## MATERIALS PROVIDED
• • • • • • •

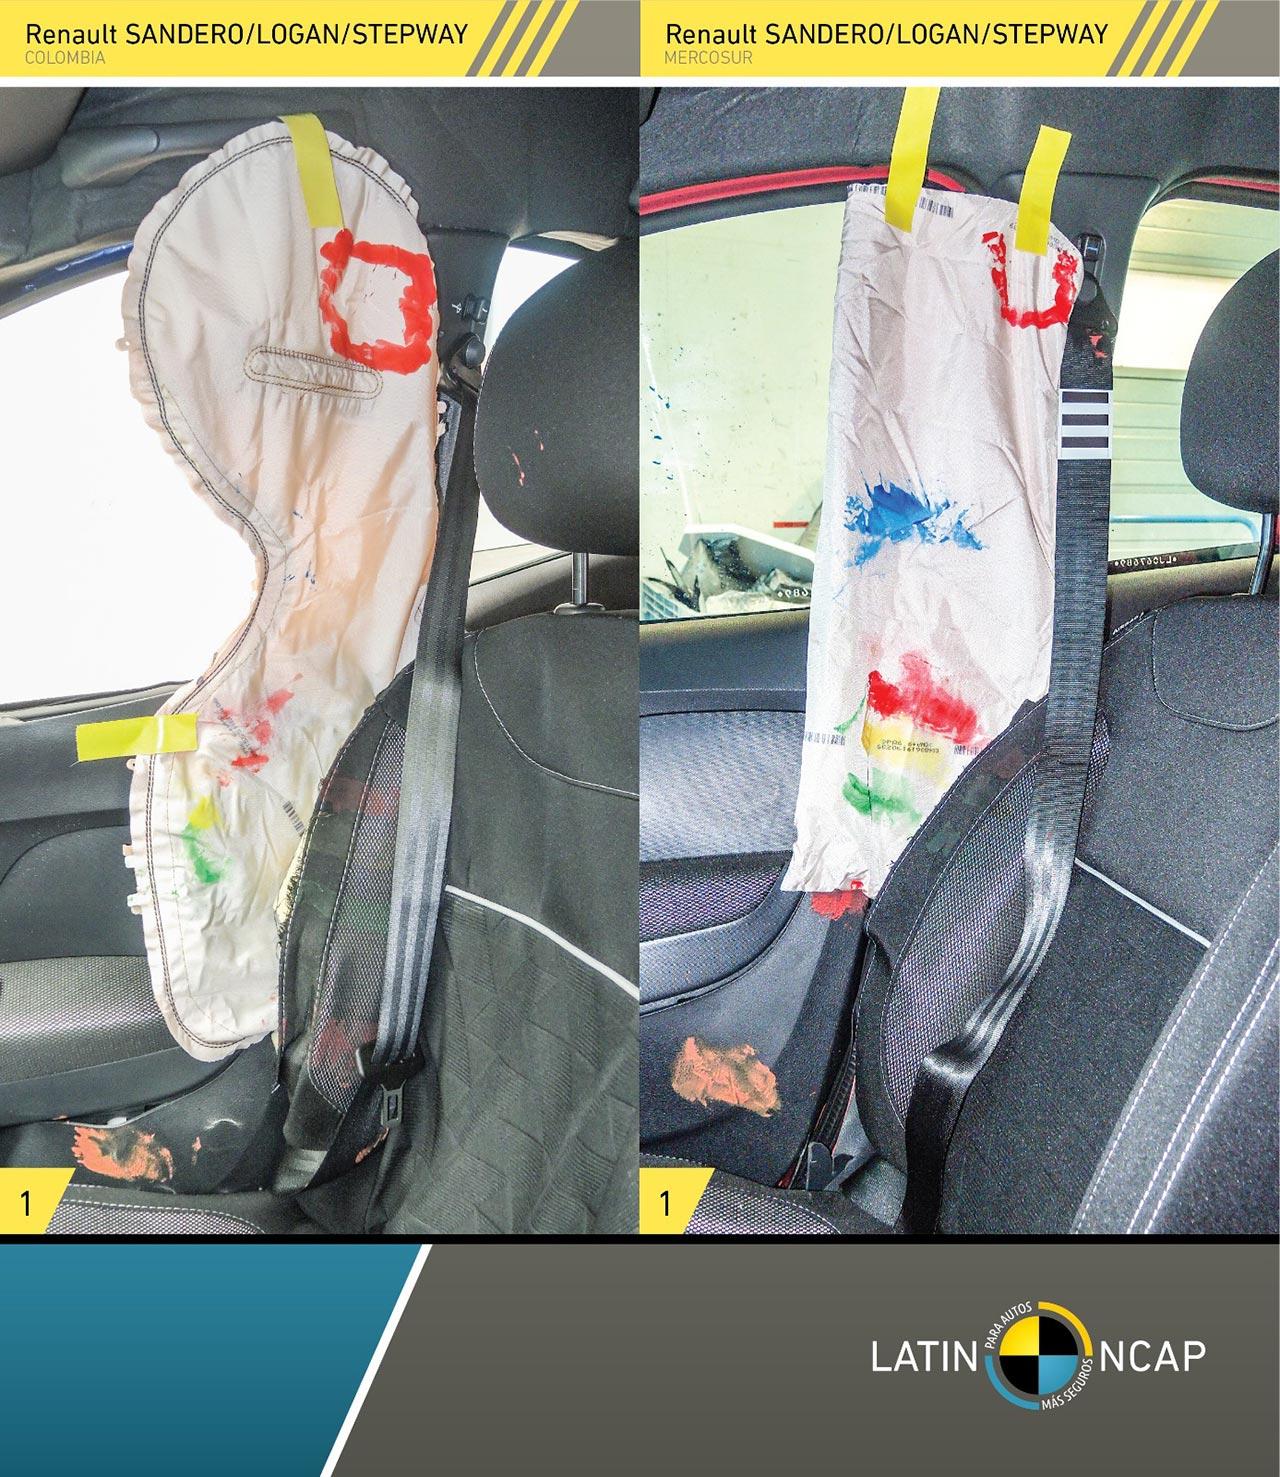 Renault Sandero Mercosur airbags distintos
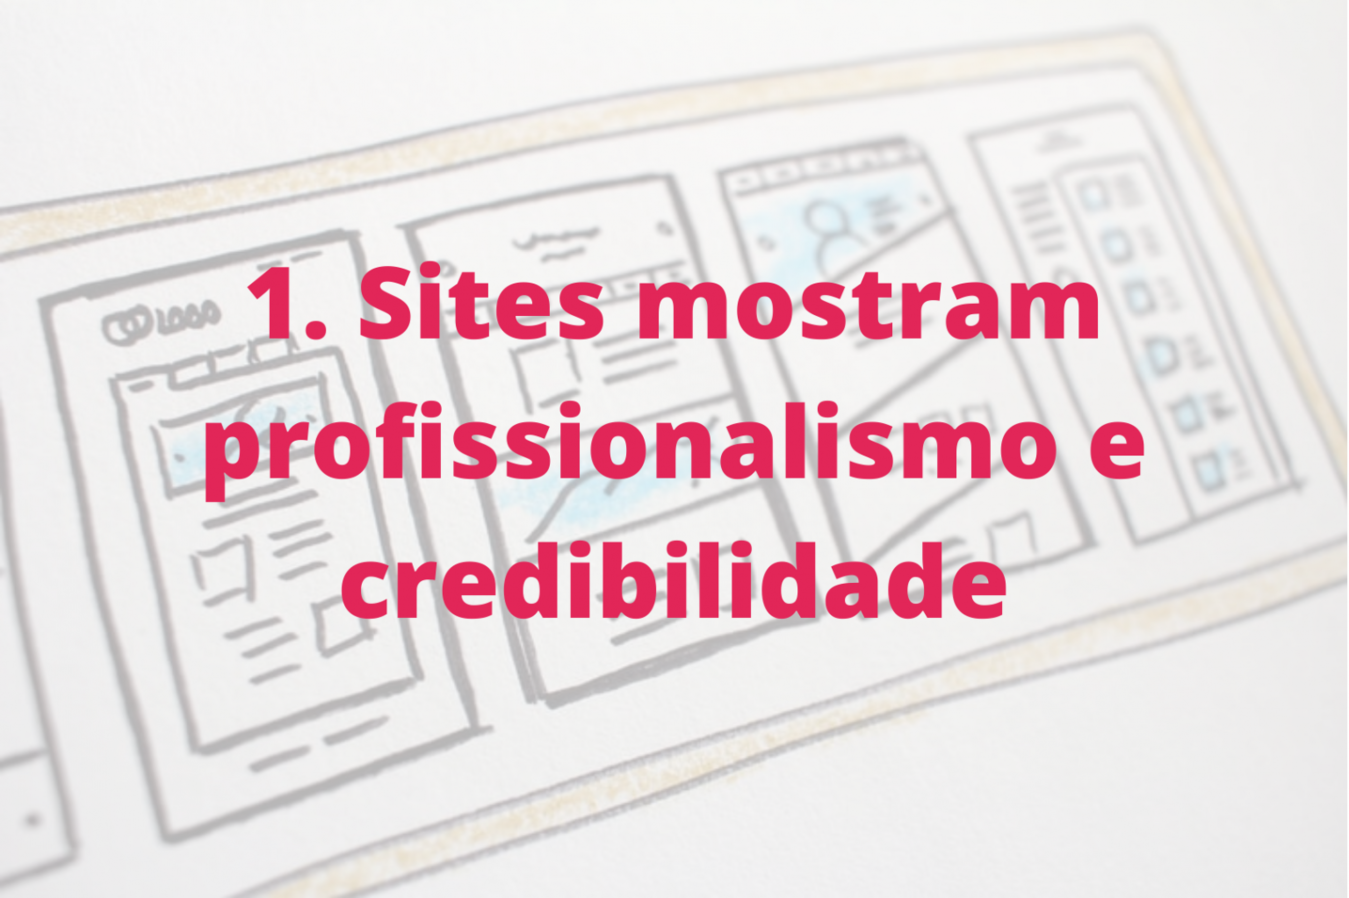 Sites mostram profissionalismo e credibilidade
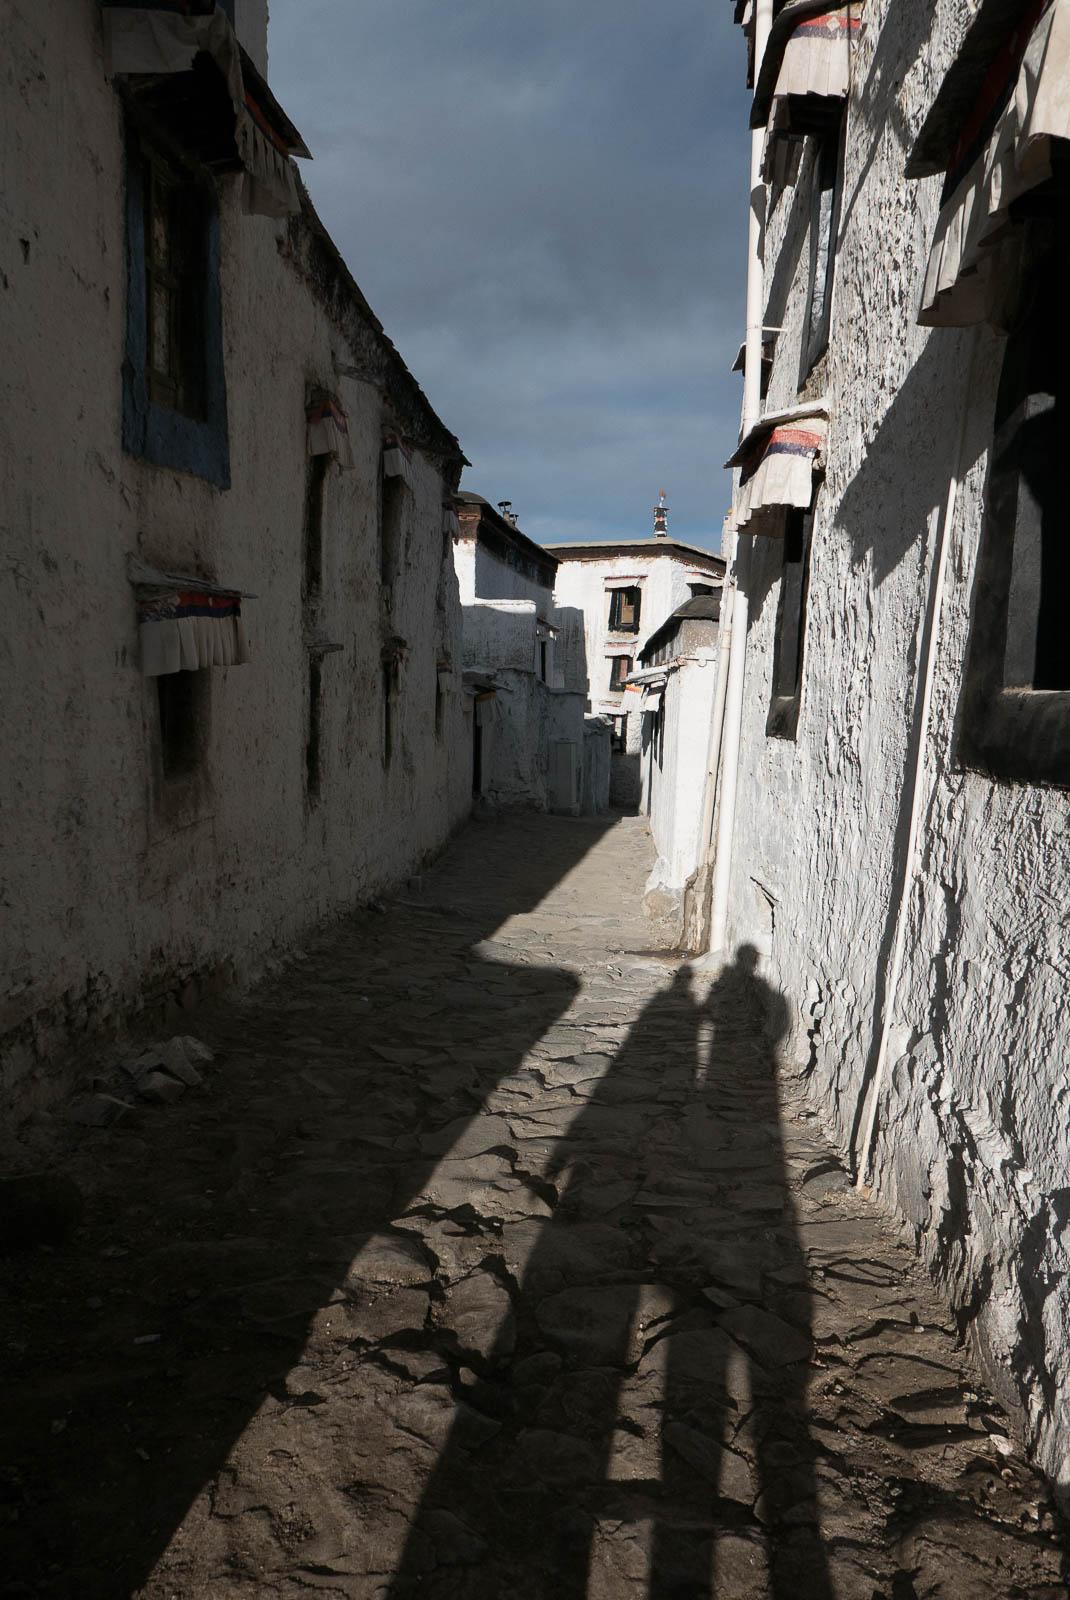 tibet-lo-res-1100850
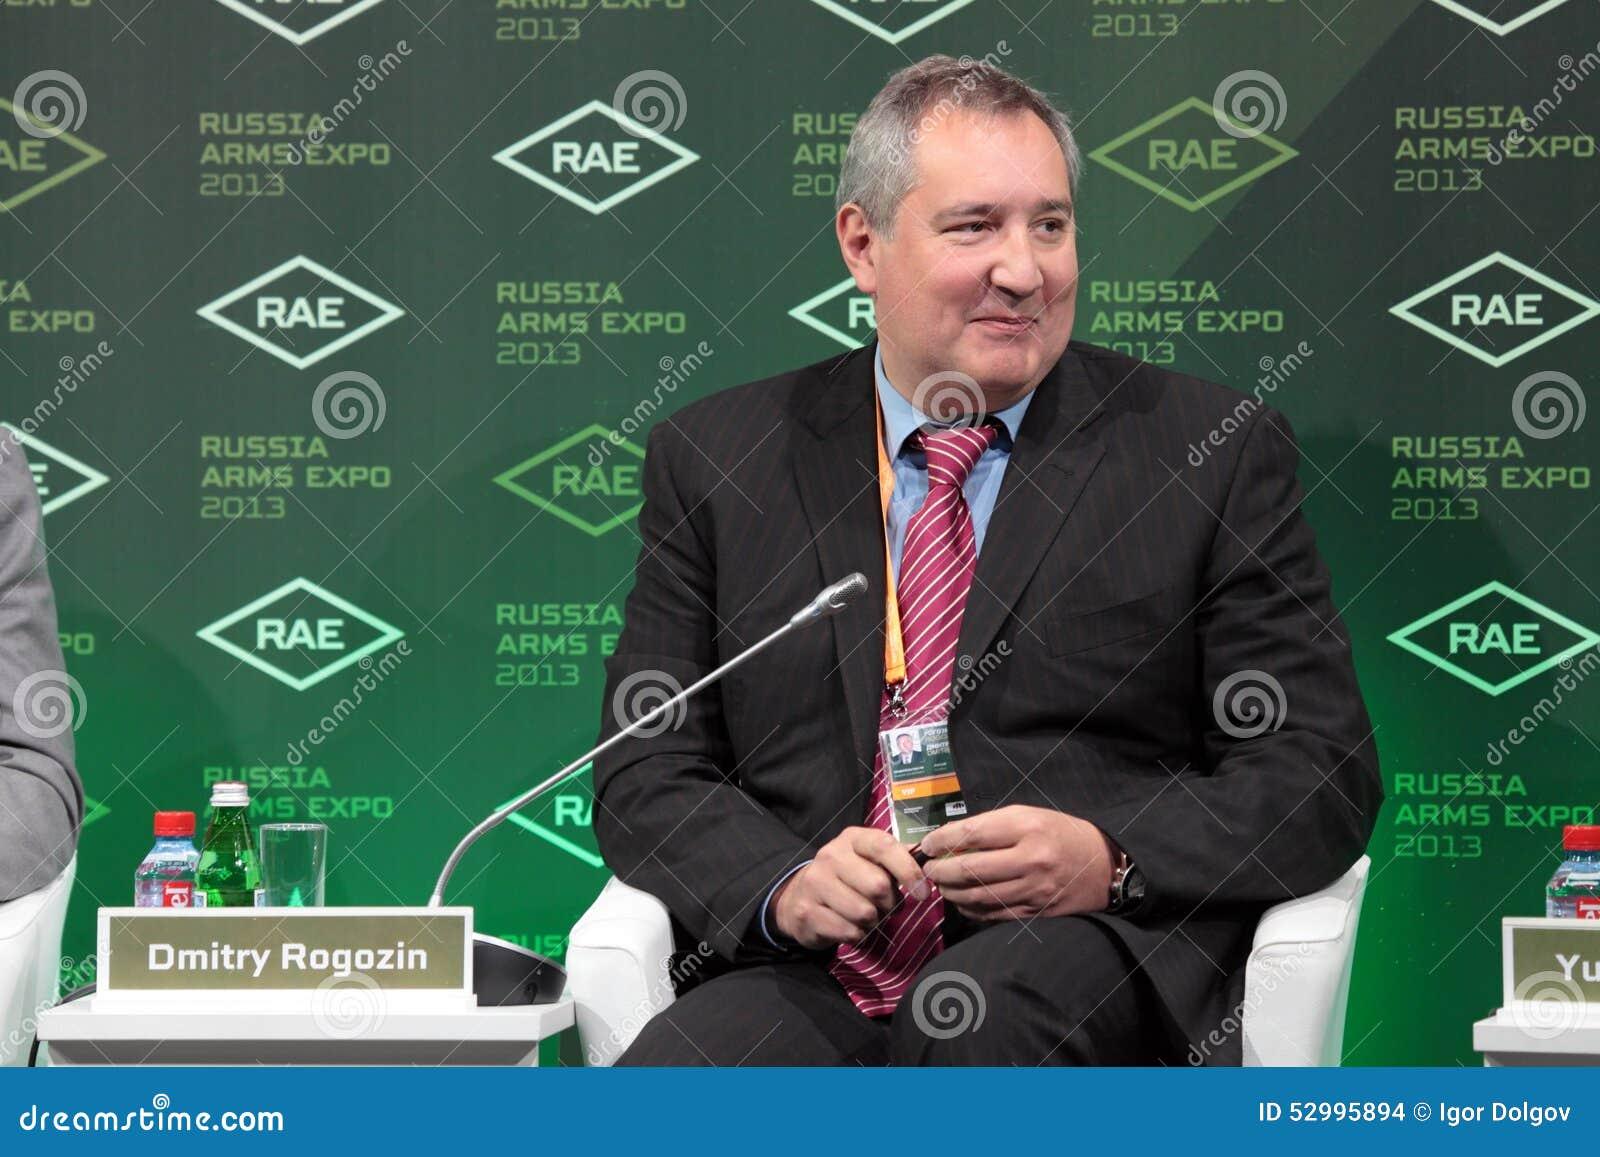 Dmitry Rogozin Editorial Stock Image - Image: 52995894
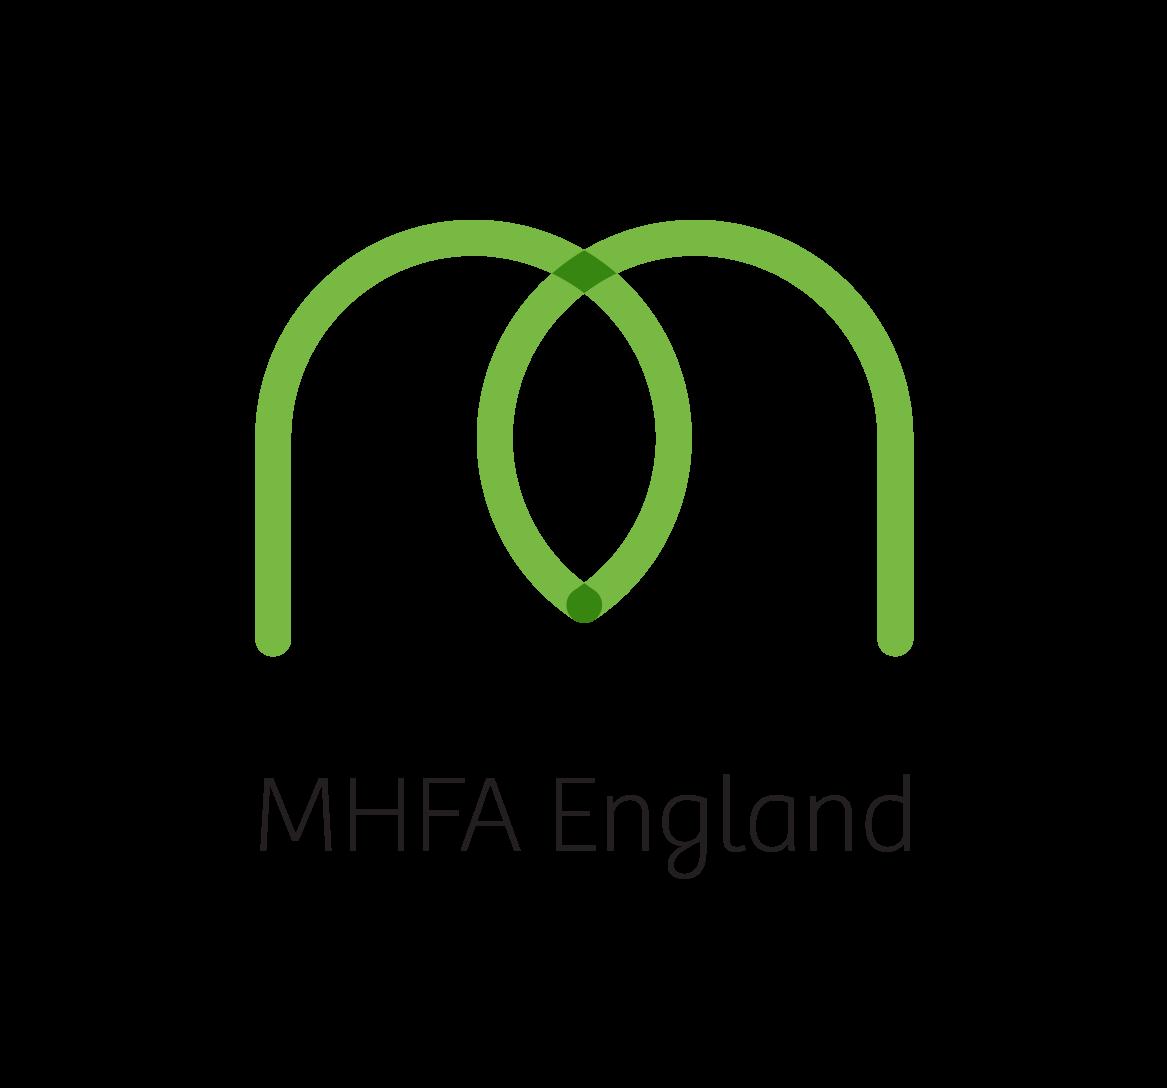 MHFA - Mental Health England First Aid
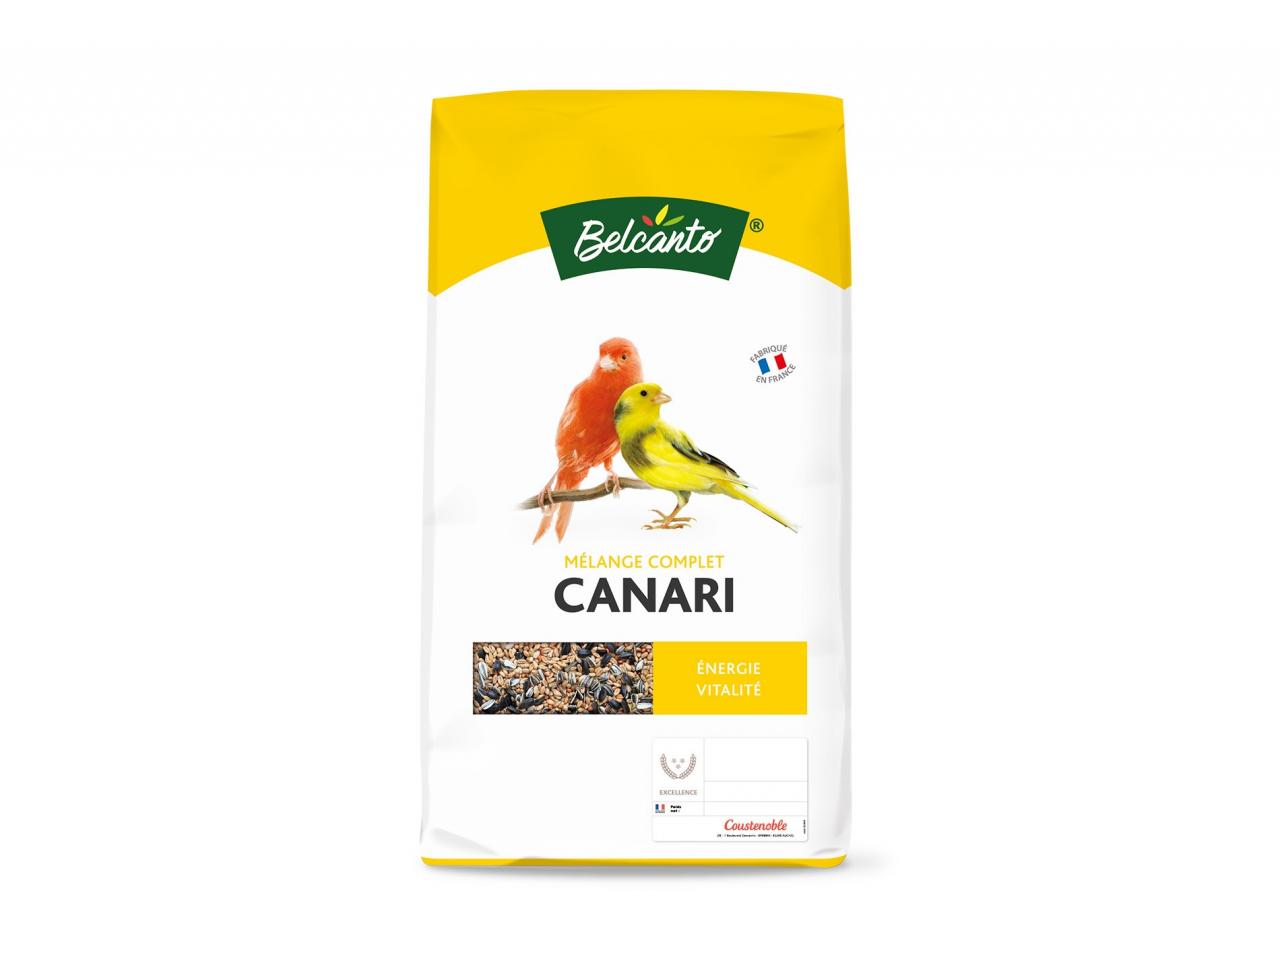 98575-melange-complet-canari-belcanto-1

• • • • • • •

## YOUR OBJECTIVE
Nothing but an exact copy of the data, without its images, should make up your answer.

## EXERCISE ANSWER
 Renault Sandero Mercosur airbags distintos
 Sites mostram profissionalismo e credibilidade
 tibet-lo-res-1100850
 Dmitry Rogozin Editorial Stock Image - Image: 52995894
 MHFA - Mental Health England First Aid
 98575-melange-complet-canari-belcanto-1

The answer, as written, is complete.